You may also exclude the value of food and housing provided by your employer on their premises and for their convenience. However, such amounts are not foreign-earned income and would be separate from this exclusion.
Don't sweat if you qualify but aren't sure what to exclude. See below for a breakdown of both types of exclusion, then utilize eFile's automatic tax tools to handle the rest. When you file on eFile.com, we'll do all the hard math so you can sit back wherever you are and enjoy your foreign surroundings.
Foreign Earned Income Exclusion
The maximum amount of foreign income you can exclude is adjusted yearly for inflation. Keep up with the latest Foreign Earned Income Exclusion limits here.
If a married couple both work abroad and meet the bona fide residence test or the physical presence test, you can each choose the foreign earned income exclusion. In this case, the FEIE would be doubled.
If your eligibility for foreign-earned income exclusion is only for a part of the year, then you are required to modify the maximum limit according to the number of qualifying days within that year.
If you are claiming a foreign housing exclusion, note that this amount must be calculated first because the exclusion for income earned from foreign sources is based on your foreign-earned income, with any foreign housing exclusion you claim subtracted. When you file your taxes on eFile.com, these calculations are done for you based on your entries.
Foreign Housing Exclusion
You can deduct foreign housing expenses from your income if you work abroad and pass the bona fide residence or physical presence test. Note that the exclusion only applies to employer-paid expenses, while the deduction applies to self-employment earnings.
Qualified housing expenses have a cap for foreign housing exclusion or deduction. Typically, housing costs are capped at 30% of the highest foreign-earned income exclusion. The limit on the foreign tax home will depend on where it is located and how many qualifying days are present in the tax year. Review the current, future, and past exclusion limits for earned income and housing.
To calculate your foreign housing amount, subtract the base housing amount from your total foreign housing expenses. The base amount can be found on Form 2555 and is calculated based on the maximum foreign earned income exclusion. Or, simply prepare your return on eFile.com and let our tax app calculate the amounts for you!

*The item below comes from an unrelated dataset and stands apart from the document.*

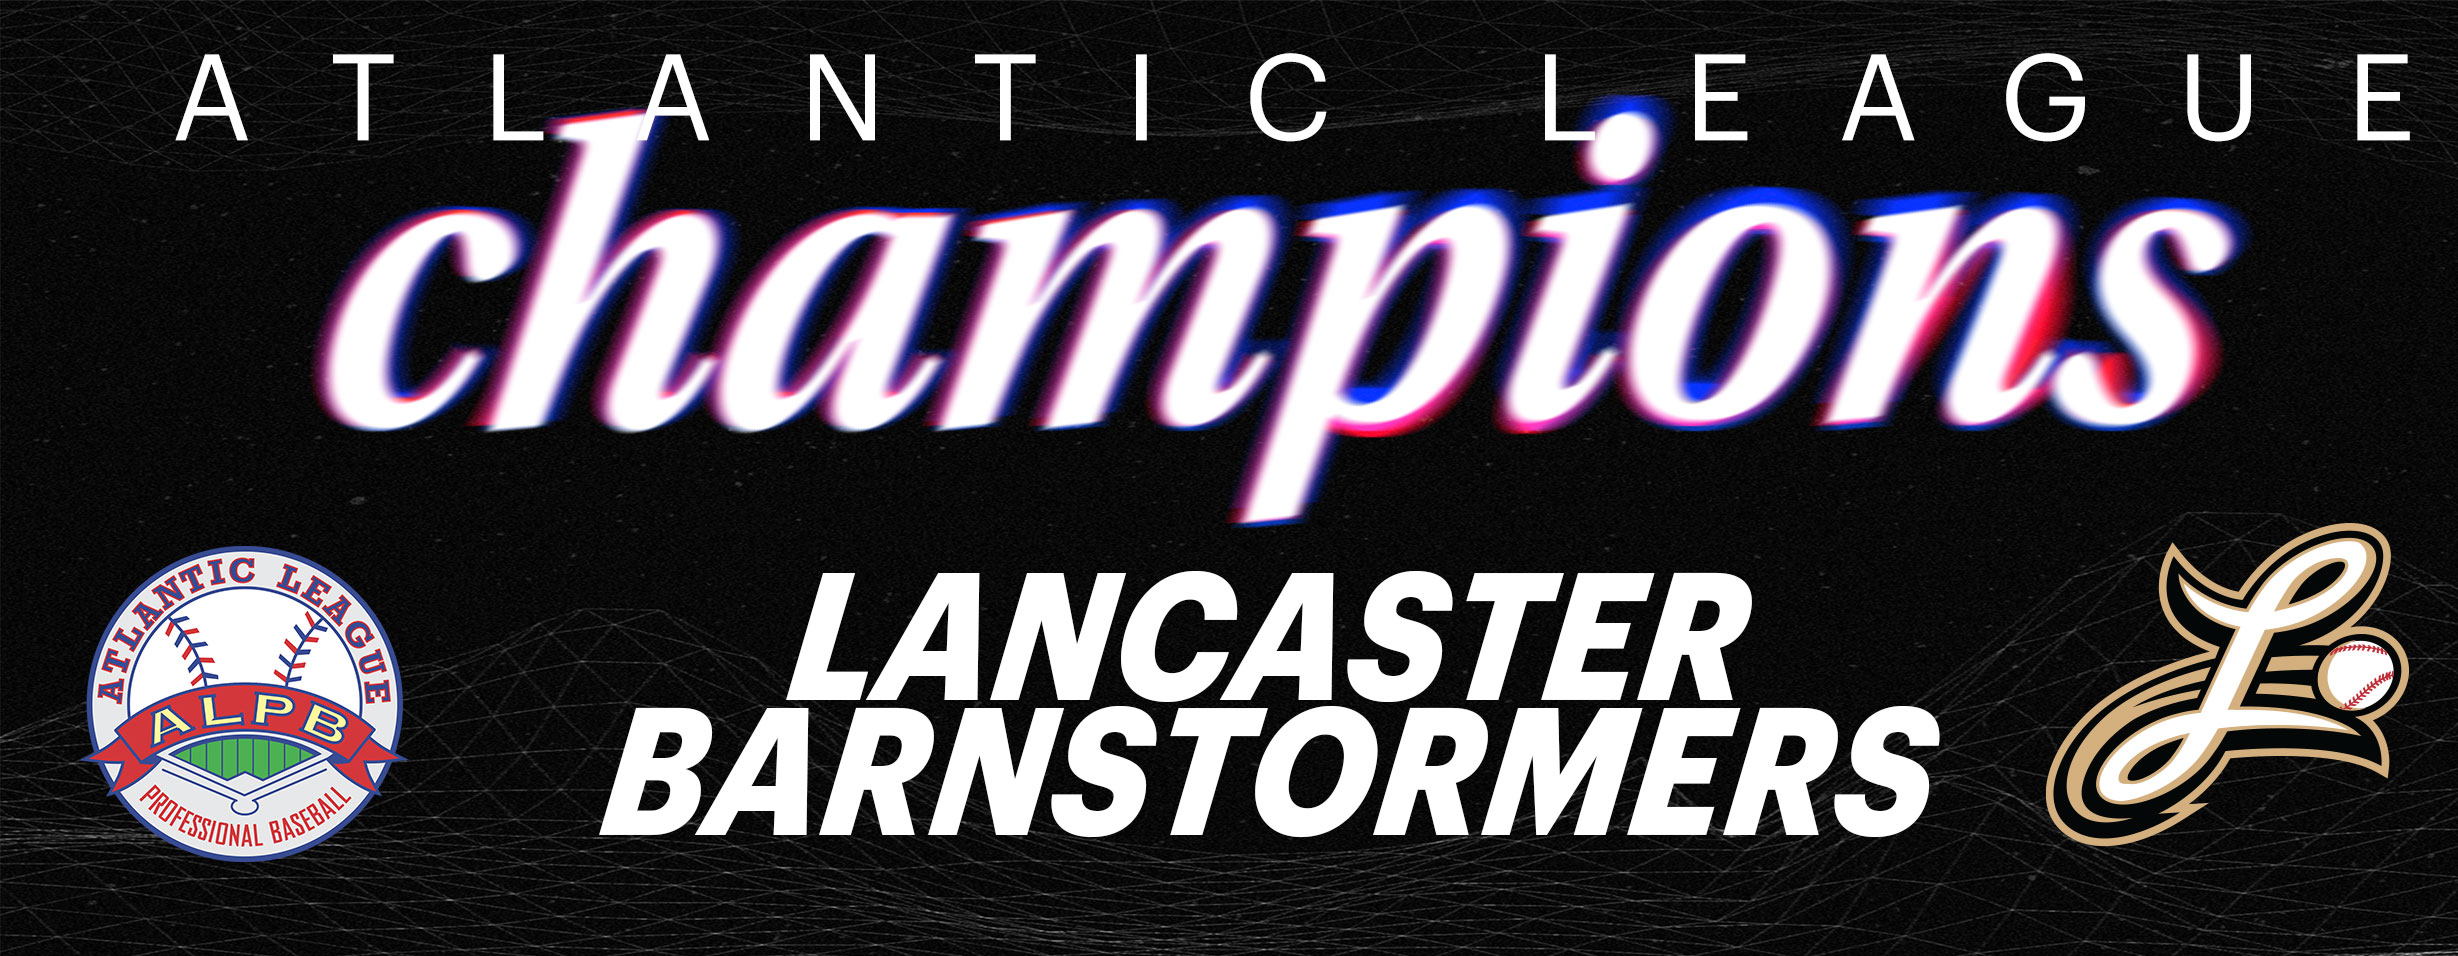 Lancaster claims ALPB title

Only count reasonable housing expenses for yourself, your spouse, and dependents (if they lived with you) during the part of the year you qualify for foreign earned income exclusion. Exclude lavish expenses and expenses related to buying property, furniture, or improvements that increase property value.

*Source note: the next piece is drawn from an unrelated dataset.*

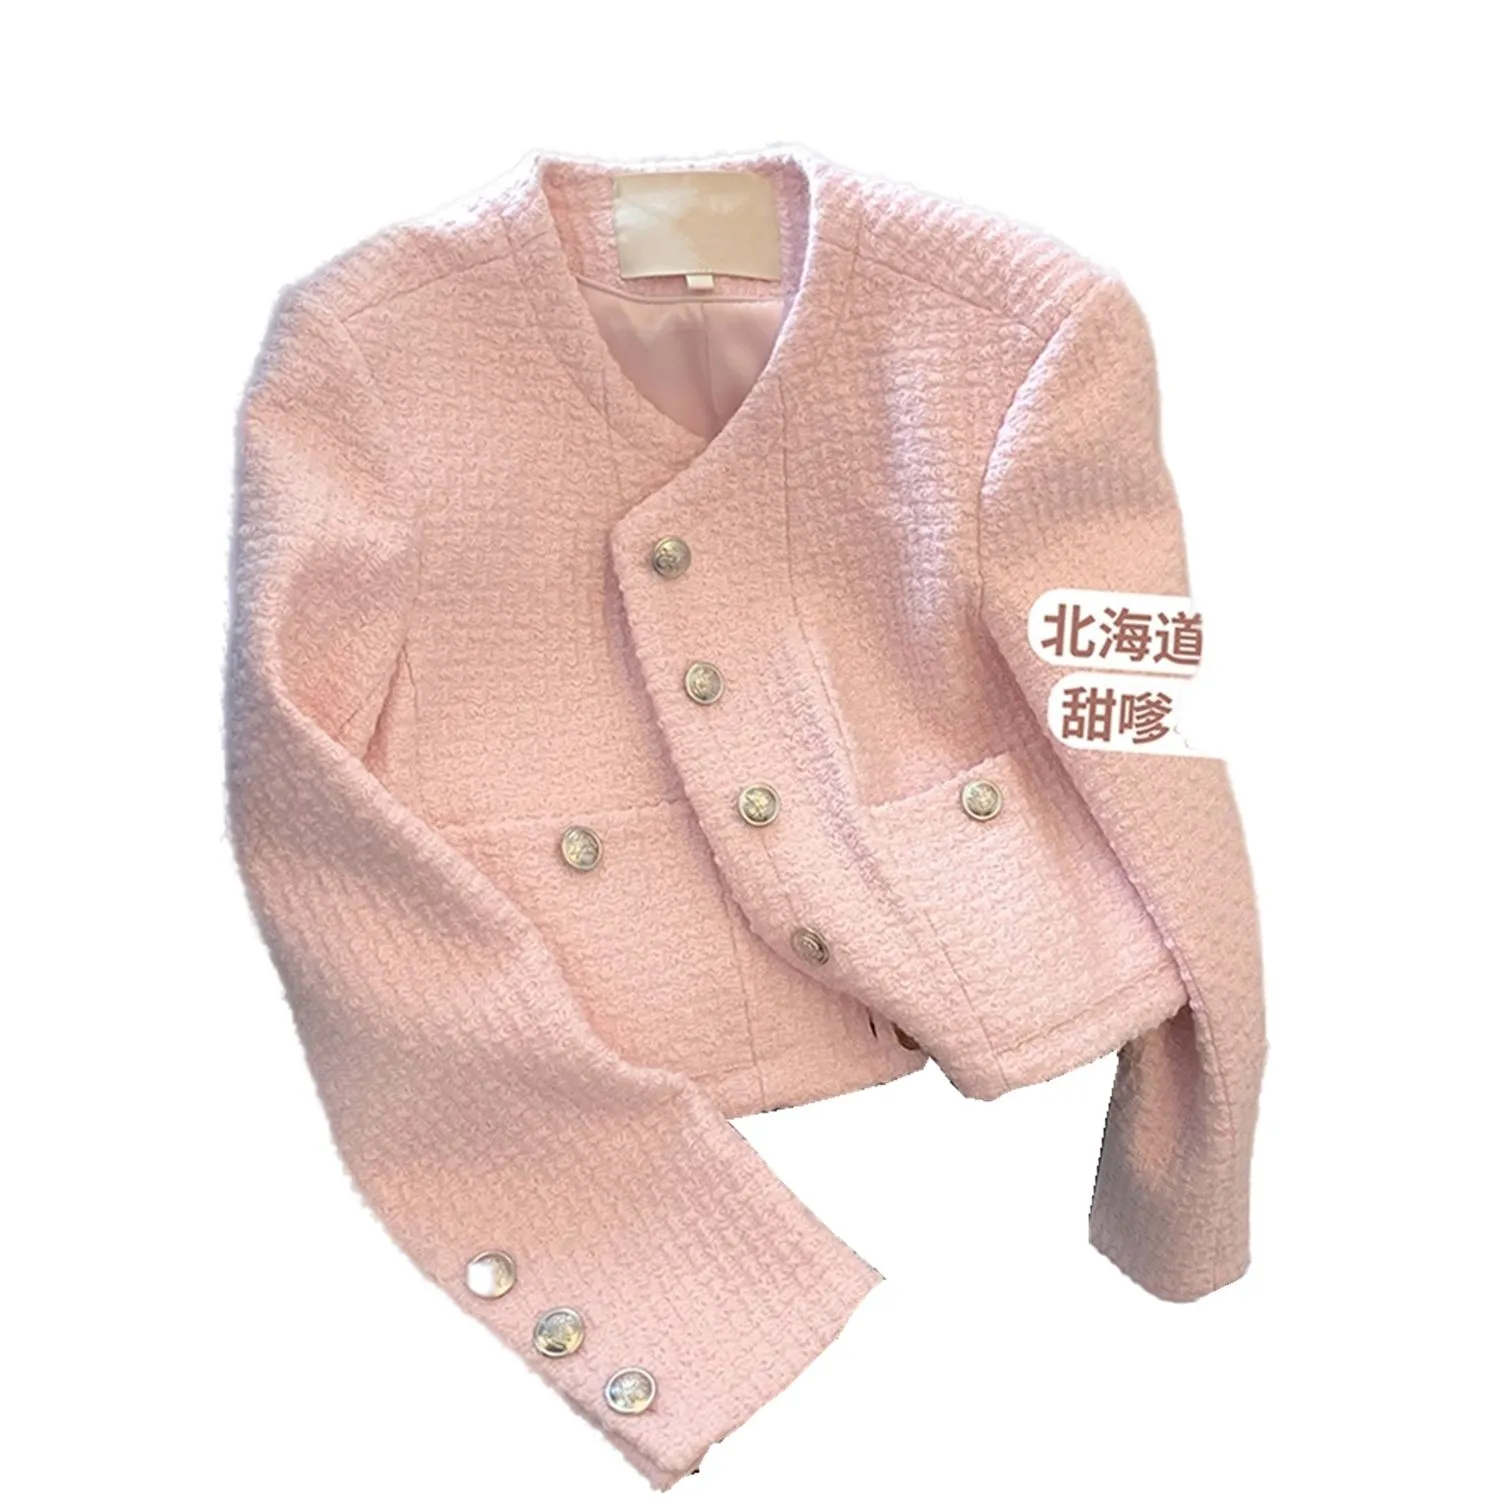 Damski tweedowy kurtka z długim rękawem różowy kolor o-drock single bered herme sml

Note that there is a limit on how much you can spend on housing expenses, which varies based on your location. It is important to keep in mind that your foreign housing expenses cannot exceed your total foreign earned income for the taxable year.
Calculate your foreign housing exclusion before your foreign earned income exclusion. You must claim the full amount of housing exclusion you are entitled to. If you exclude foreign housing amounts, you cannot claim a foreign tax credit or deduction for those taxes. Otherwise, your housing exclusion may be invalid.
While e-filing your taxes, note that foreign housing deduction must not exceed foreign earned income minus foreign earned income exclusion and housing exclusion. You cannot claim both deductions and exclusions unless you're self-employed. These deductions lower your income tax but not your self-employment tax.
Whether you're e-filing for this year or getting some back taxes done, the above information should more than cover any questions you had about getting the FEIE and keeping more of your money in your pocket.